LONDON (Reuters) - Many companies are failing to spell out clearly whether they comply with modern slavery laws, Britain's corporate governance regulator said, partly for fear of triggering a public backlash.

Human rights have become an important consideration for investors putting billions of pounds into assets that tout their environmental, social and governance (ESG) credentials.

But the Financial Reporting Council said a sample of 100 annual reports of companies scrutinised by the regulator, Britain's Independent Slavery Commissioner and Lancaster University found that one in 10 do not provide a modern slavery statement despite it being a legal requirement.

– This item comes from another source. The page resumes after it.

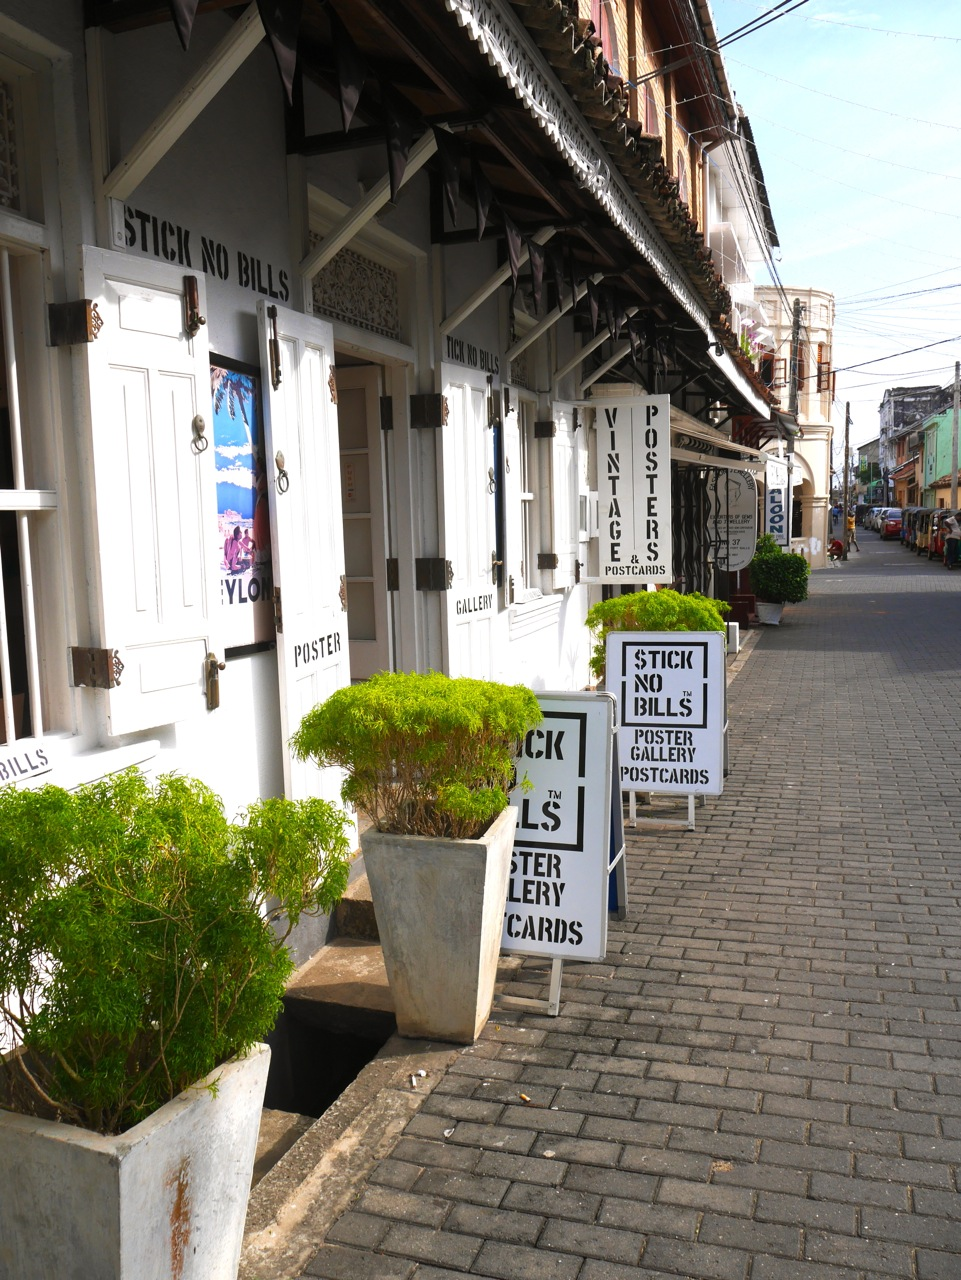 Sri Lanka Galle old City sticknobills

The International Labour Organisation has said that modern slavery generates an estimated $150 billion annually across the world, with 25 million people in forced labour.

Firms in Britain with a turnover of 36 million pounds ($46 million) or more are required by law to publish annually what they are doing to address the risk of slavery in their operations and supply chains.

"The prospect of reputational repercussions may, in part, explain the lack of disclosure on the performance of a company’s modern slavery approach," the FRC said on Monday.

While there were despite "pockets of good disclosure", where companies did comply only one third of these statements were considered clear and easy to read, the FRC said in the research paper that it commissioned.

"The review suggests that too many companies appear not to view human rights issues in their workforce and supply chain as a principal source of risk for their business, and that modern slavery considerations are still not a mainstream concern for many boardrooms," the FRC said.

Most statements were fragmented, lacked a clear focus and often contained 'boilerplate' language, the FRC said. Specific measures of the efficiency of steps taken to minimise modern slavery were "particularly poor".